05-998-R-0064 Version 1.0

# **Table of Contents**

| 1 | Introduction                        |   |
|---|-------------------------------------|---|
| 2 | Environmental Failure Testing (EFT) |   |
|   | 2.1 Testing Methodology             |   |
|   | 2.2 Test Equipment                  |   |
|   | 2.3 Testing Conditions              | 9 |
|   | Published Attacks                   |   |
| 4 | Conclusion                          |   |

# **List of Figures**

| Figure 1 - Environmental Conditions                                         | . 4 |
|-----------------------------------------------------------------------------|-----|
| Figure 2 - EFP/EFT Testing Graph                                            |     |
| Figure 3 – Example of EFT Test Data (normal operational parameters)         | . 6 |
| Figure 4 – Example of EFT Test Data (outside normal operational parameters) | . 6 |
| Figure 5 – Chamber Equipment                                                | . 7 |
| Figure 6 – Chamber Equipment                                                | . 7 |
| Figure 7 – Chamber Equipment                                                | . 7 |
| Figure 8 – Power Supply Figure 9 - Mulimeter                                | . 8 |
| Figure 10 - PCI Bus AnalyzerFigure 11 - Serial Bus Analyzer                 | . 8 |
| Figure 12 - Smart card Analyzer                                             | . 8 |

## 1 Introduction

Fault induction is a process by which a device (and for the purpose of this discussion, in particular a cryptographic module) is forced to miscalculate defined operations, skip over required operations (such as password verification or self-tests), and exhibit other erroneous behaviors enabling the attacker (or tester) to gain access to sensitive data or unauthorized control of the device. Many regard fault induction as a new cutting edge technique. Terms such as covert attacks, side channel analysis add to a mystique surrounding this area of research. In reality, fault induction has been widely used by IC manufacturers, QA testing laboratories, and military entities as part of the normal manufacturing and QA testing process. Fault induction was originally used to test products during development to verify that functions could be performed over a wide range of operational parameters (e.g., temperature, voltage, shock, vibration, clock speed, electro-magnetic, etc.). By testing the cryptographic module within a variety of operational conditions, the testers would find single point failures that resulted in aberrated behavior that could lead to compromise of the system. An incremental process of inducing faults provides a process by which the tester can trace where problems are in the cryptographic module implementation, and then provide guidance and suggestion to the design and production team for redesign or process improvement. It's important to note that the design itself may not be flawed, rather the manufacturing and assembly process itself may have introduced weaknesses into the end product. From a historical perspective, asynchronous and analog components may have been more susceptible to fault induction attacks because of how the circuits worked due to higher correlation between voltage, temperature, and performance. Most of the focus for fault induction has been placed on single-chip cryptographic modules (such as smart cards), although this should not be the only focus area (or main focus area). Multi-chip devices are also susceptible to attack, and the concept we must remind ourselves is that an attacker will always go for the weakest point in the infrastructure.

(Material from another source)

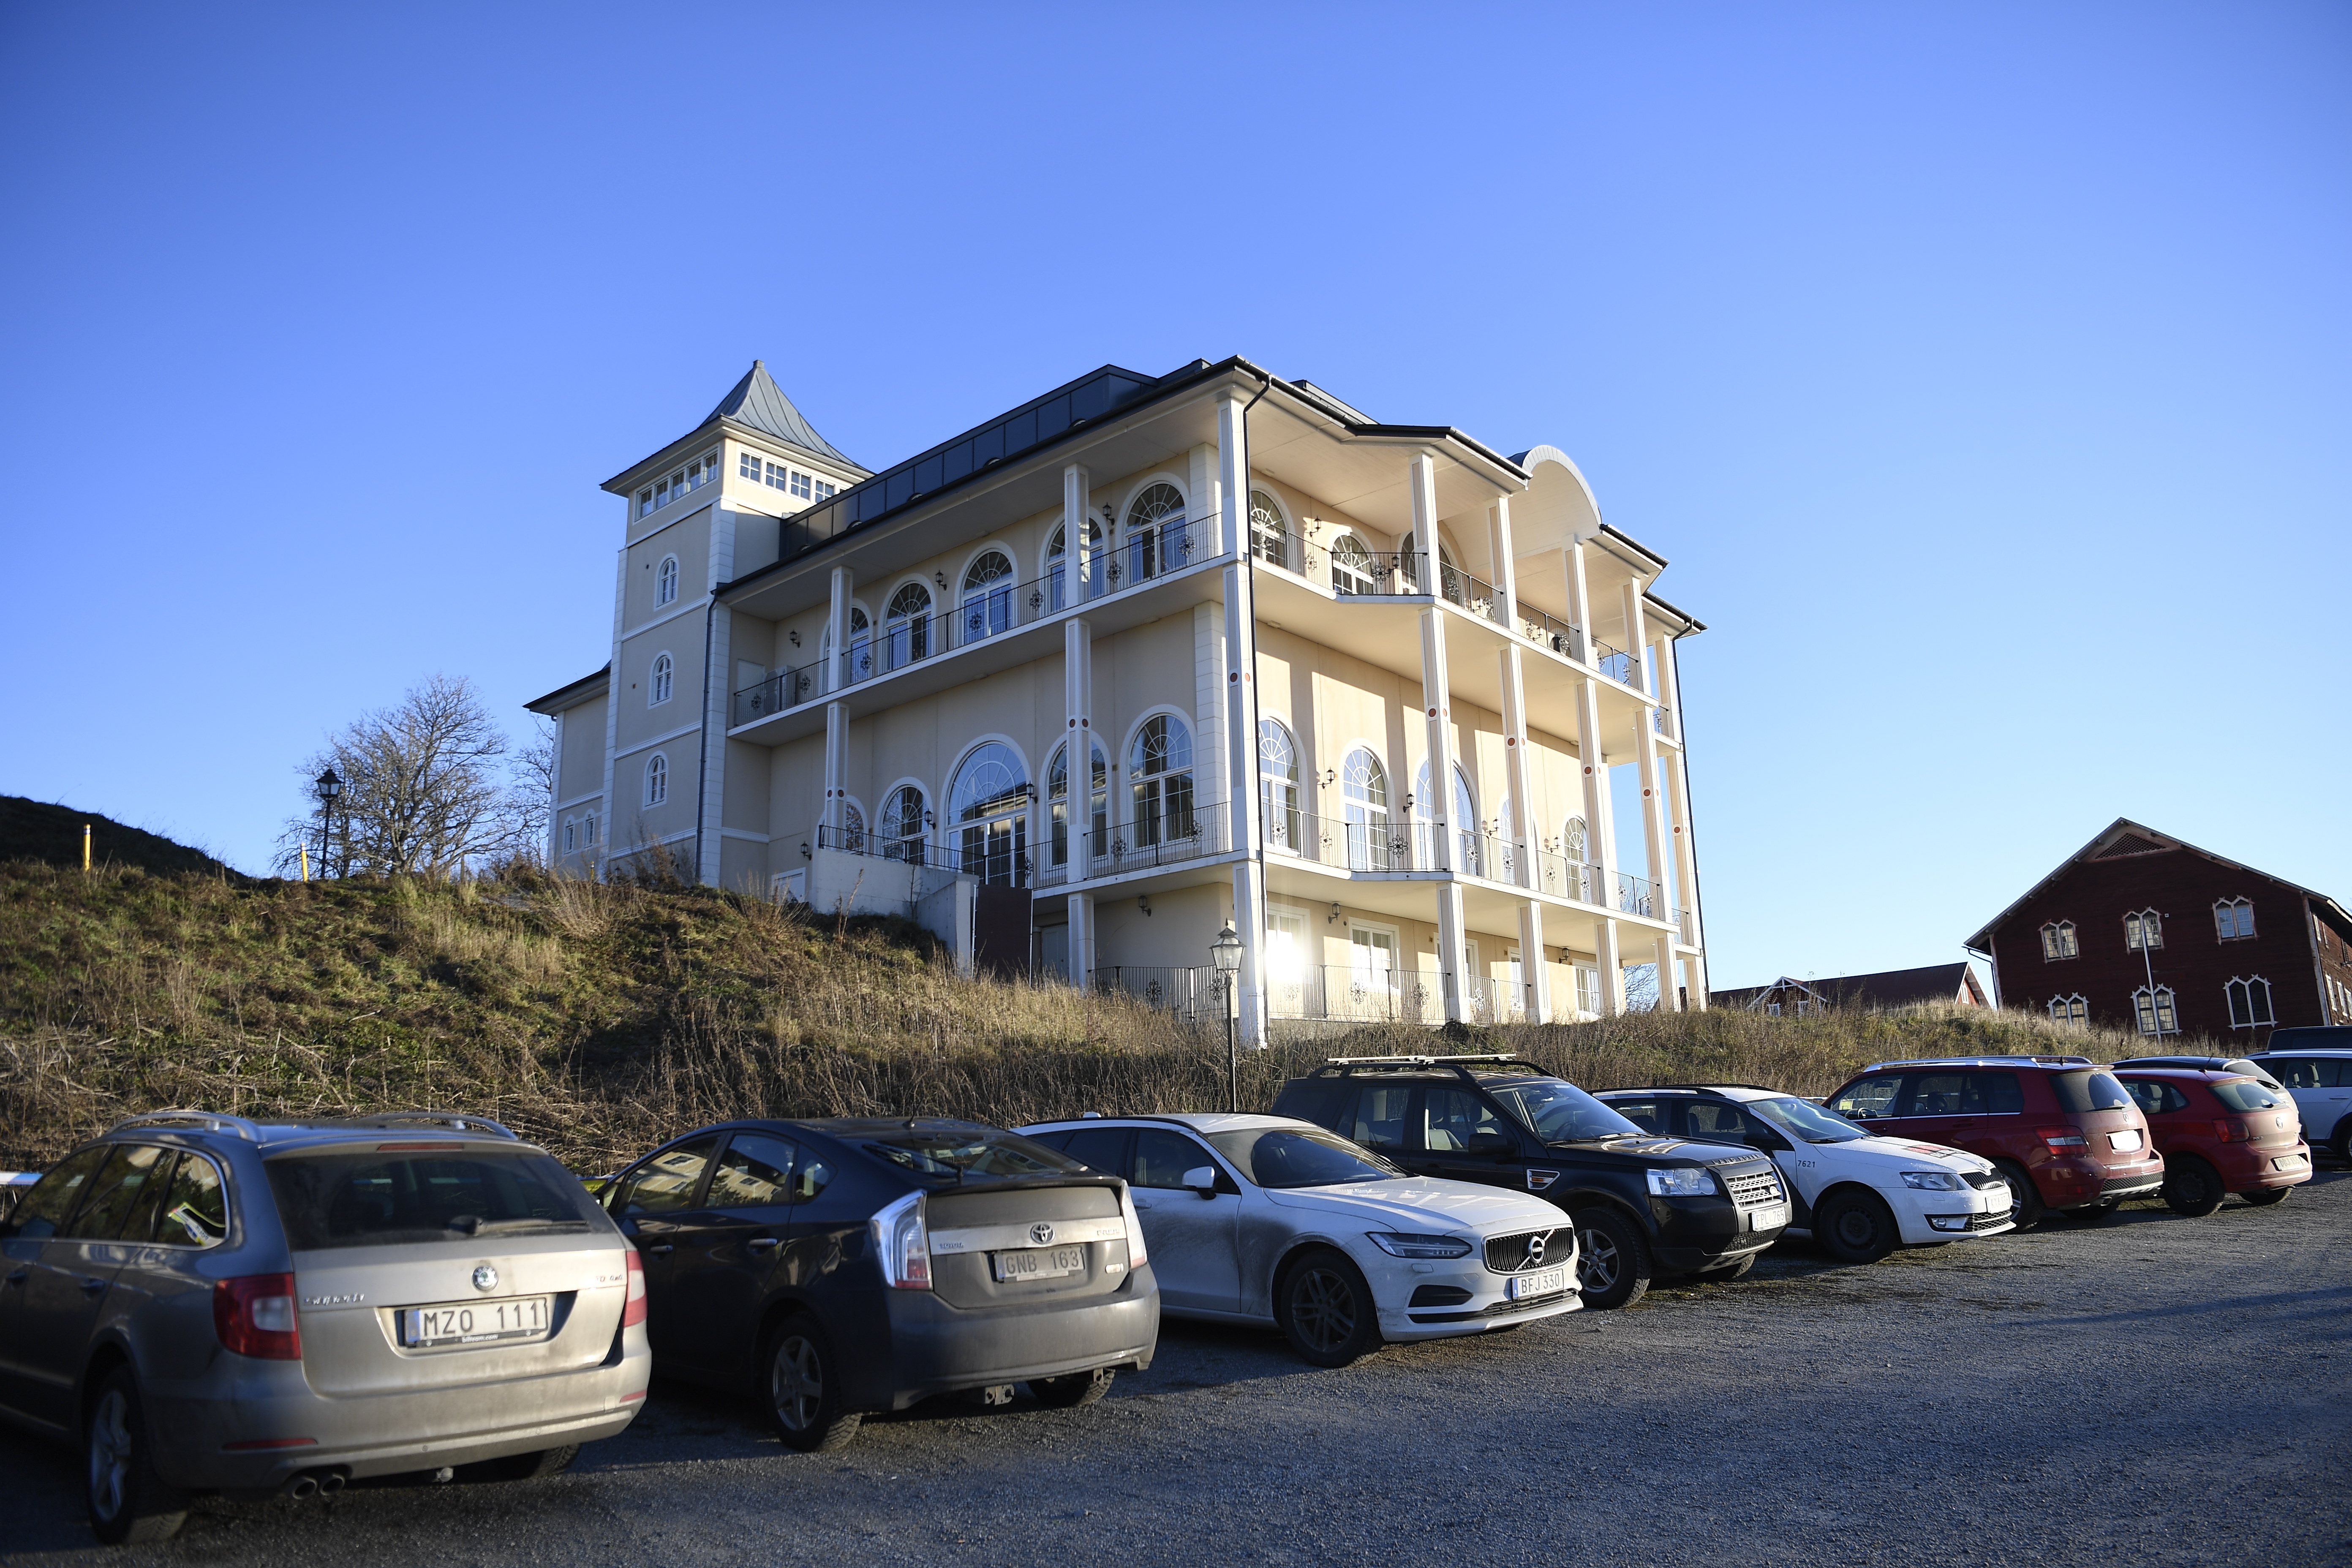 epa07209604 An exterior view of Johannesberg Castle, in Rimbo, 50km north of Stockholm, Sweden, 05 December 2018, where peace talks on Yemen is expected to take place later in the week. According to reports, Kuwaiti ambassador to Yemen Fahd Almeie and UN special envoy for Yemen Martin Griffiths accompanied a Houthi negotiating team to Sweden for UN-sponsored peace talks on the ongoing conflict between the Houthi rebels and the Saudi-backed Yemeni government.  EPA/SSTINA STJERNKVIST  SWEDEN OUT

### 2 Environmental Failure Testing (EFT)

The FIPS 140-2 standard includes Environmental Failure Testing (EFT) which combines several types of fault induction attacks into Level 4 testing requirements. It is important not to confuse Environmental Failure Protections (EFP) with EFT. With EFP, the cryptographic module contains active mechanisms to monitor and respond to fluctuations (accidental or induced) outside normal operating ranges for temperature and voltage. It is much easier to perform EFP testing because a set of thresholds are known (e.g. known range where the tamper response mechanisms will activate). Since the tester can determine where a module will fail, it's easier to collect the data. With EFT a series of tests are performed to ensure that fluctuations outside normal operating ranges for temperature and voltage will not compromise security of cryptographic module; however, the point at which the cryptographic module will fail is unknown so more scrutiny is required.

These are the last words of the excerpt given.